California pushes for more emergency solar + storage backup
Ramping up resilient, clean power is the main focus of the California solar + storage industry in 2020. Good policy will help it grow at a rate that protects vulnerable communities.
“We need an all-hands-on-deck mentality toward putting clean backup power on community centers and helping people who really need consistent electricity to have backup during blackouts,” said Brad Heavner, policy director for the California Solar & Storage Association (CALSSA).
Commercial-scale storage hasn’t flourished like it was expected to, Heavner said. The segment will need help from lawmakers to increase funding and resources for the large microgrid systems that can increase reliability in this state that’s suffered from wildfires and public power shutoffs.

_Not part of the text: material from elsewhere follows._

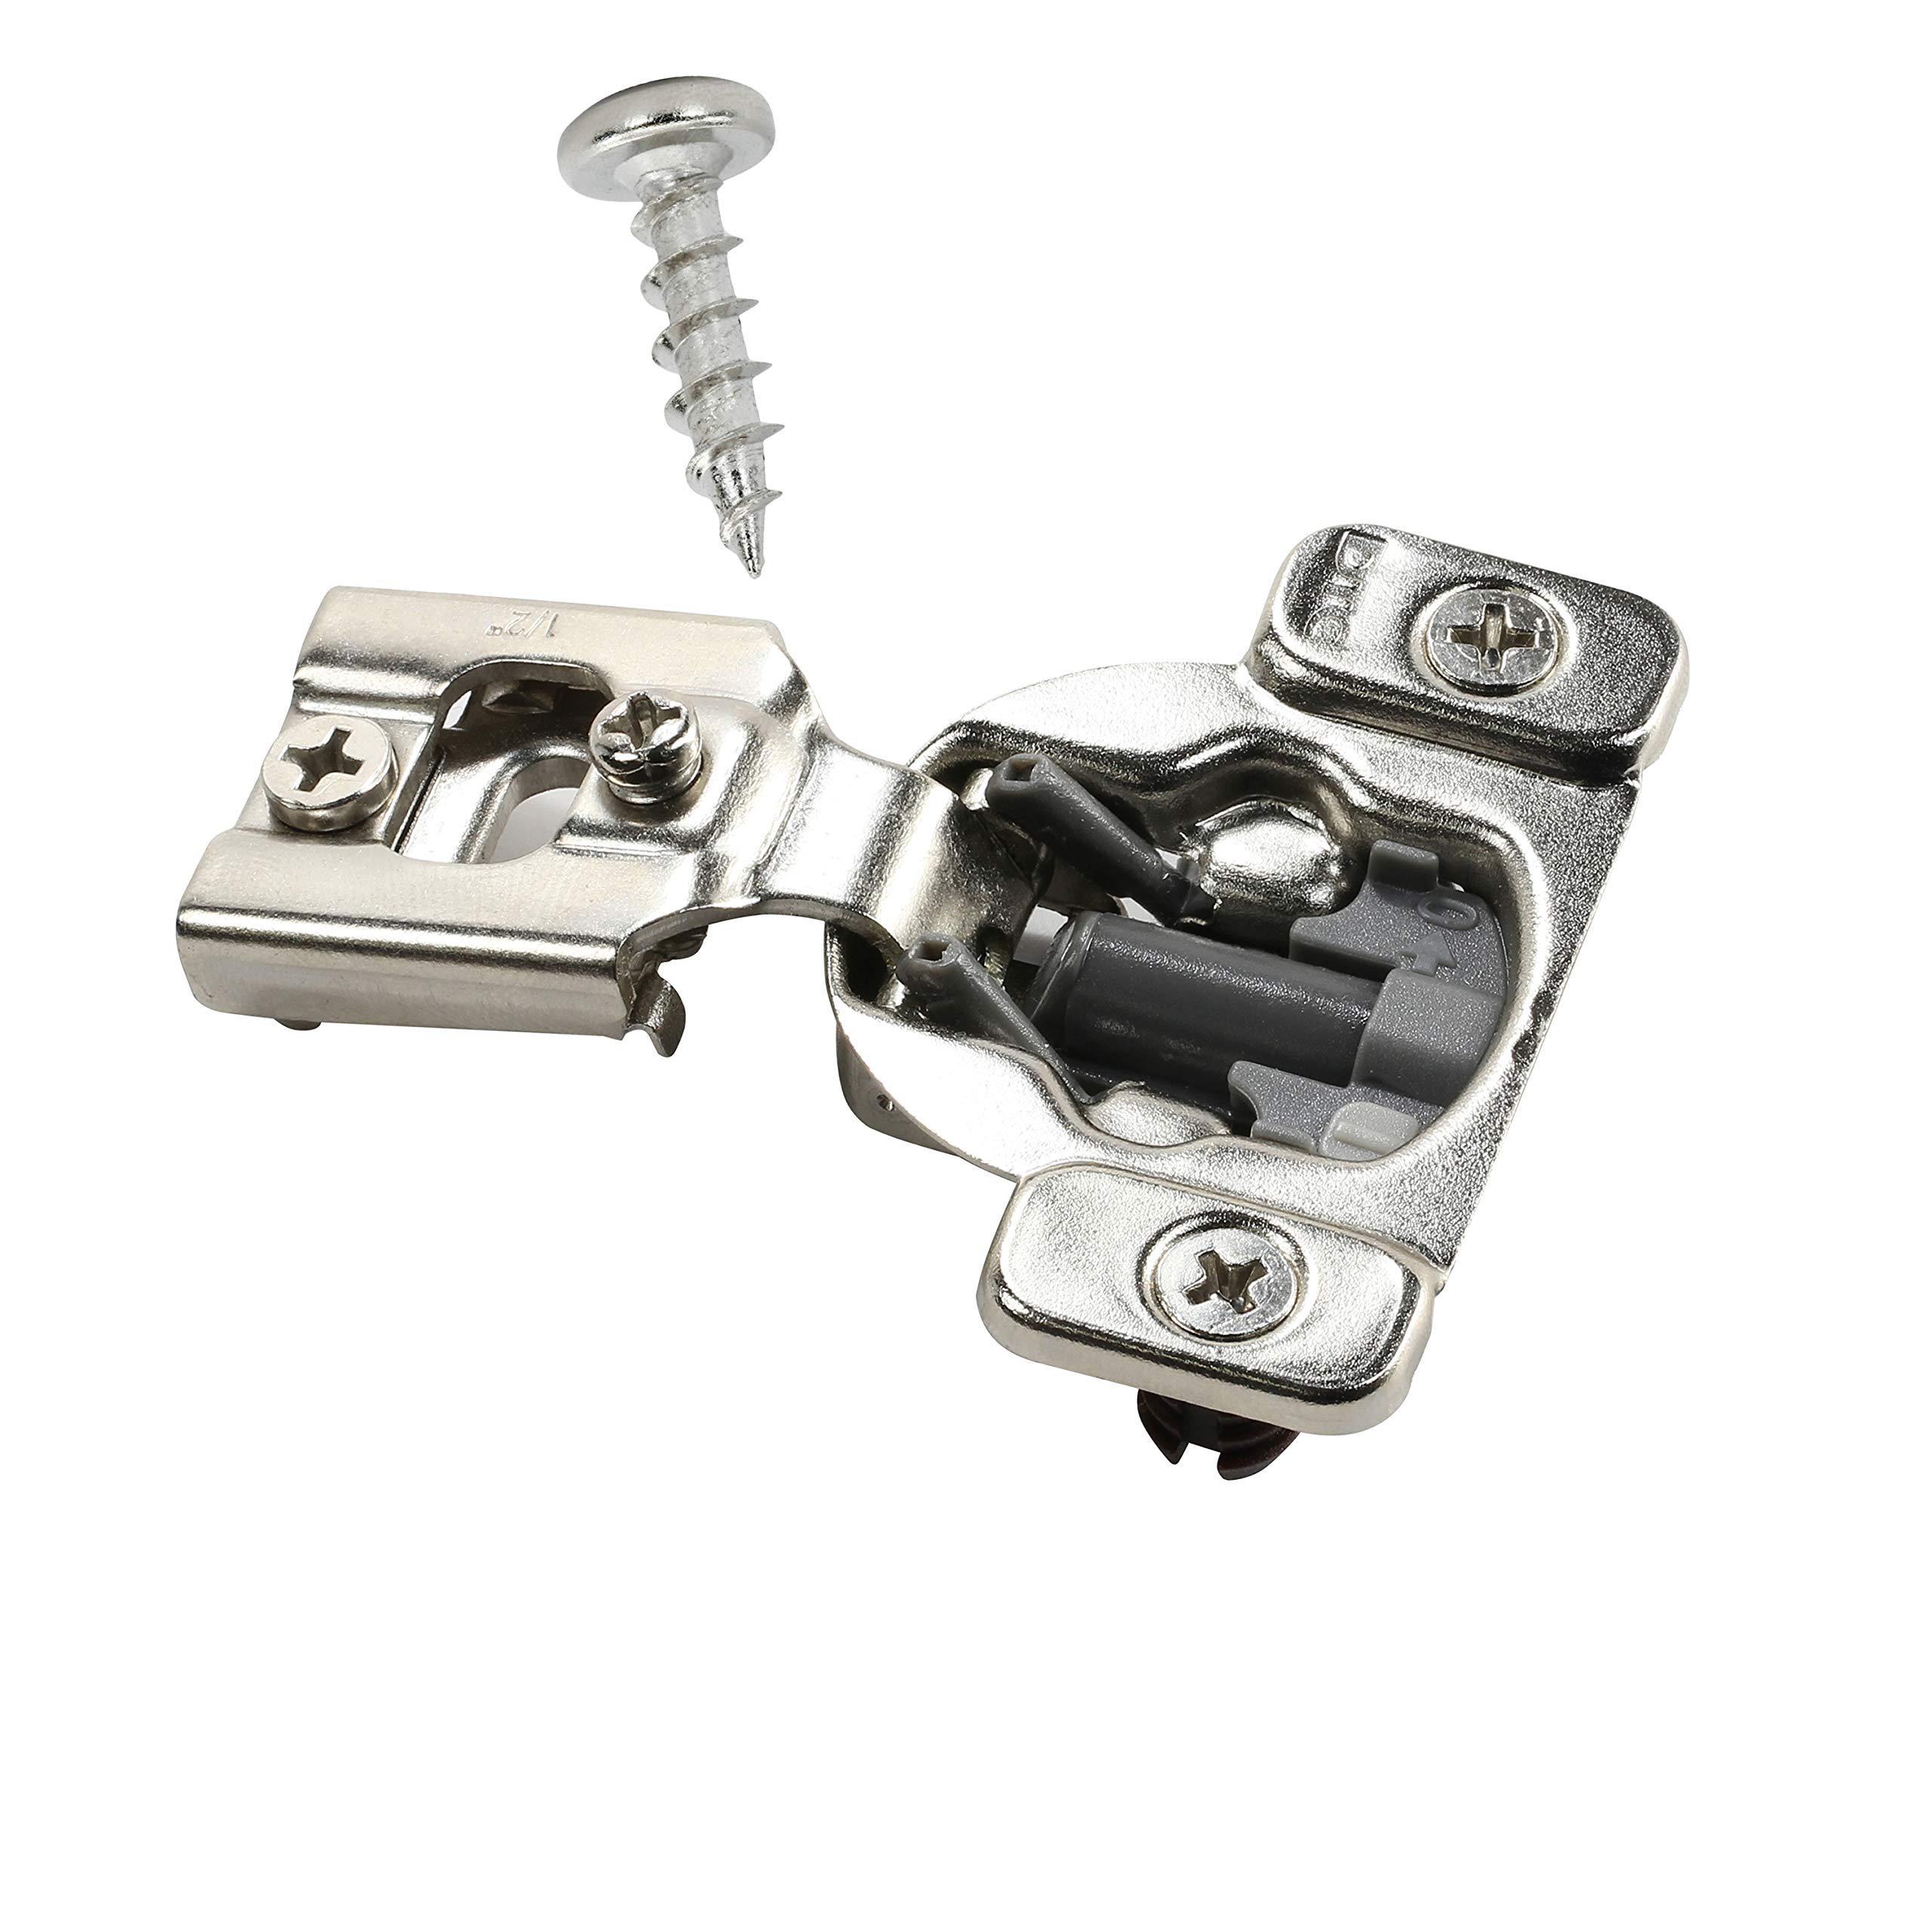 Rok dtc 1/2" overlay soft close 105 degree 2 cam press in face frame cabinet hinge h8e055h (2 pack)

Heavner said the government should invest in consultants to guide potential microgrid customers through the process.
“It’s a challenge for customers making large investments, the commercial customers, to get their heads around and to trust,” Heavner said. “So getting a third-party consultant to come in and walk them through what might work would be immensely helpful.”
Heavner said installers can do their part in fostering solar + storage growth in vulnerable communities by getting ready to install as much solar + storage as possible in 2020. He also encouraged installers to contact disability rights organizations, nursing homes and other entities that have the greatest need for resilient backup power.

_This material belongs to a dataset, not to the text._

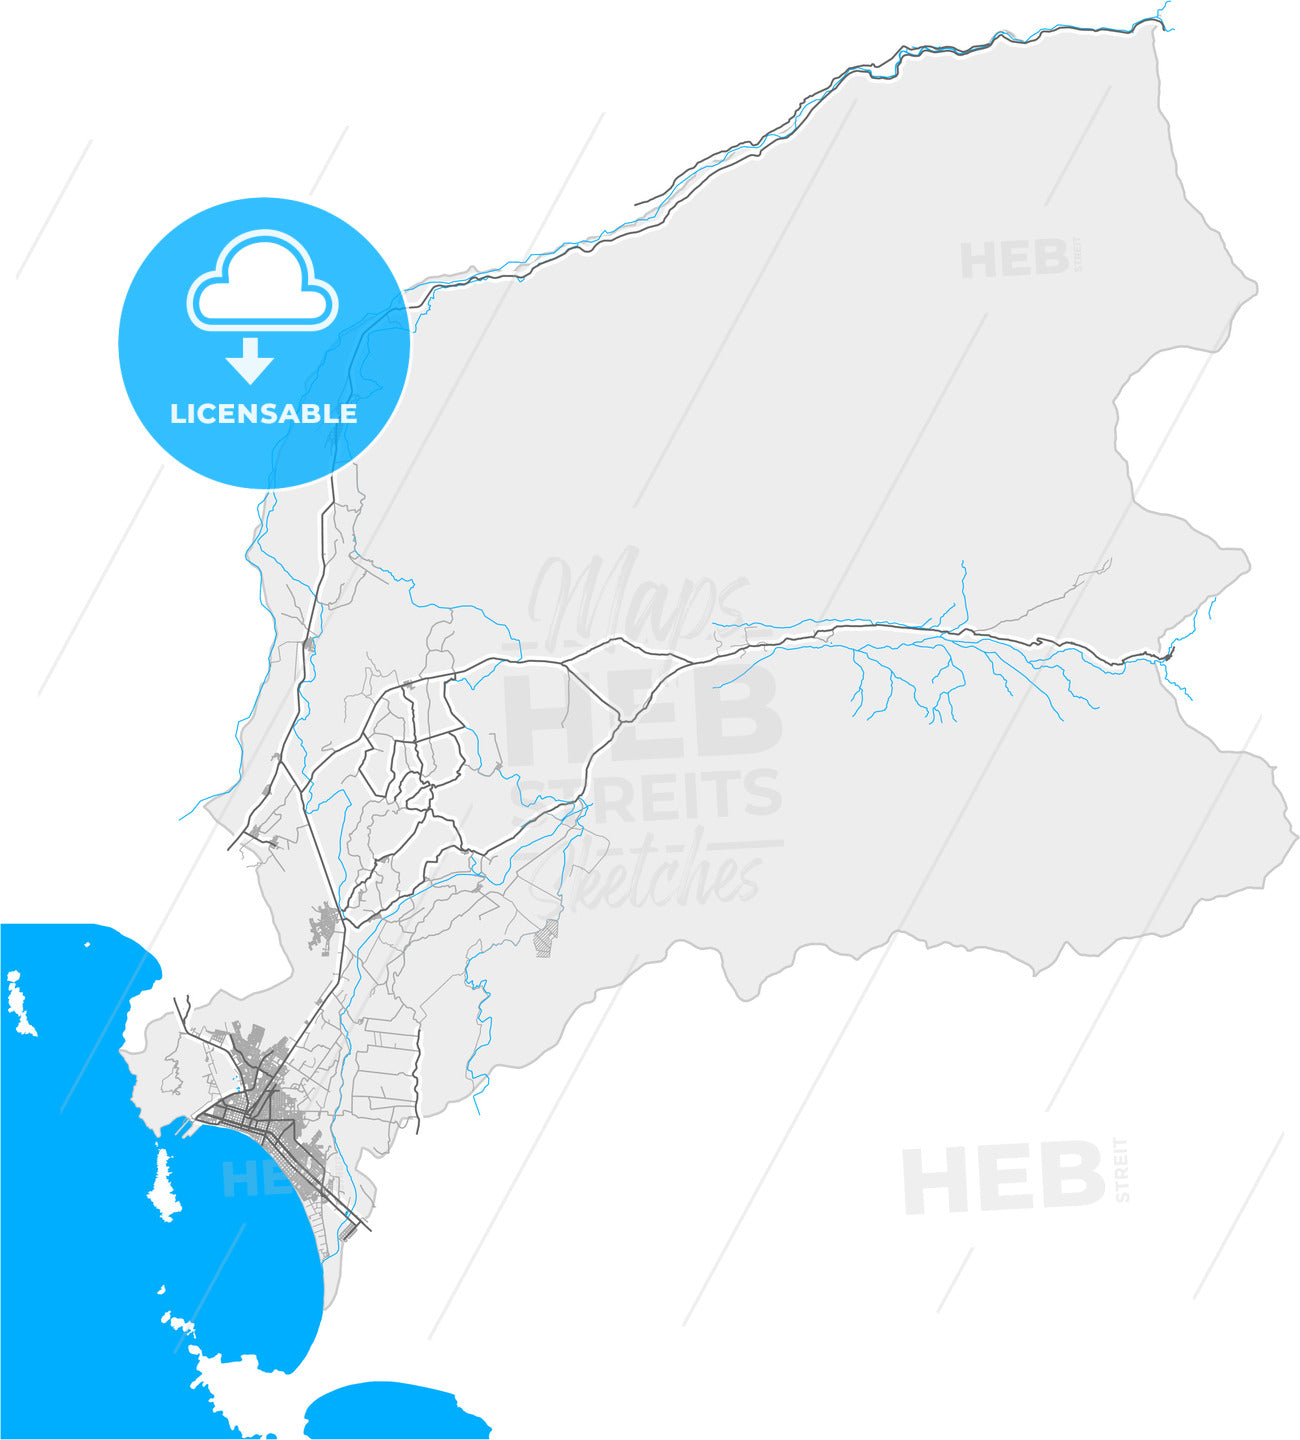 Chimbote, Peru, high quality vector map

Sachu Constantine, regulatory managing director for Vote Solar, said there’s another roadblock to increasing microgrids in California — interconnection.

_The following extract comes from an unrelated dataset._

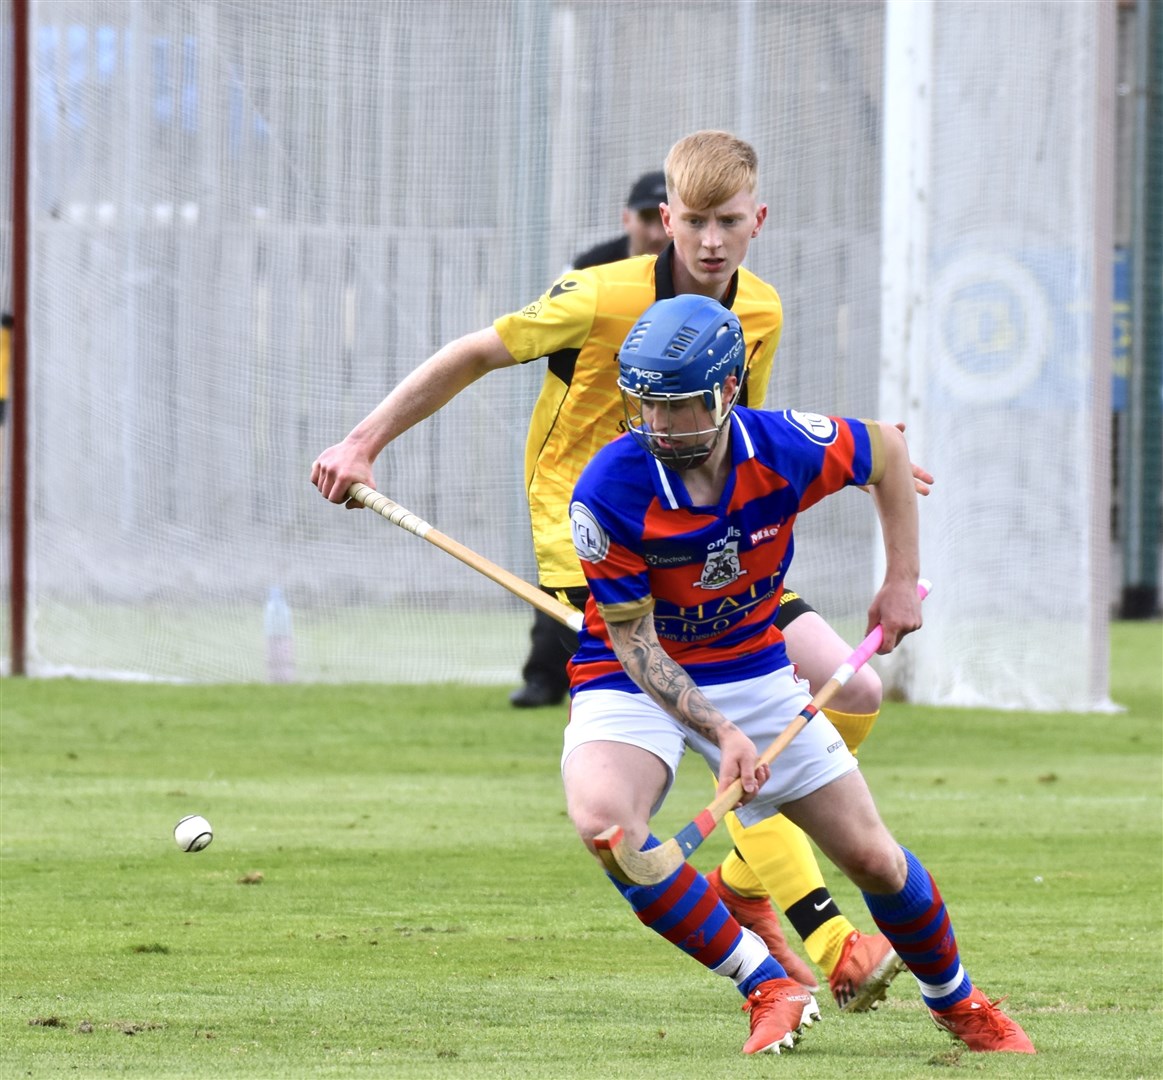 Shinty returned to The Dell at the weekend when the first team played a friendly against Fort William, winning 3-2.

“Right now, it’s a boutique interconnection. You have to get all these different studies done, and there’s a very complicated process,” Constantine said.
He said there should instead be a simplified interconnection checklist that required utilities to interconnect a microgrid if all the boxes are checked.
Along with backup power, CALSSA will spend the next year focusing on utility restructuring in the state after PG&E’s bankruptcy. Heavner said the Camp Fire showed that the profit motive for investor-owned utilities is fatal and a new solution is necessary. He said he thinks implementing a nonprofit grid operator is the best solution.
“Let the utilities continue to own the grid and make a profit from taking care of it but have the planning and the operation of the grid done by an ISO-like entity on the local level,” Heavner suggested.
Aside from the bigger-picture issues of making California more resilient in the face of fire danger, Heavner said installers should keep the changing solar incentives in mind going into this next decade. Time-of-use rates are still in effect in California, but the state will be switching to NEM 3 with reduced credits in the near future. Customers will be looking to self-consume solar power when the new policy takes effect.
“It’s the time to really get skilled at installing solar + storage because when NEM 3 comes around, we’re going to need to be good at it,” Heavner said.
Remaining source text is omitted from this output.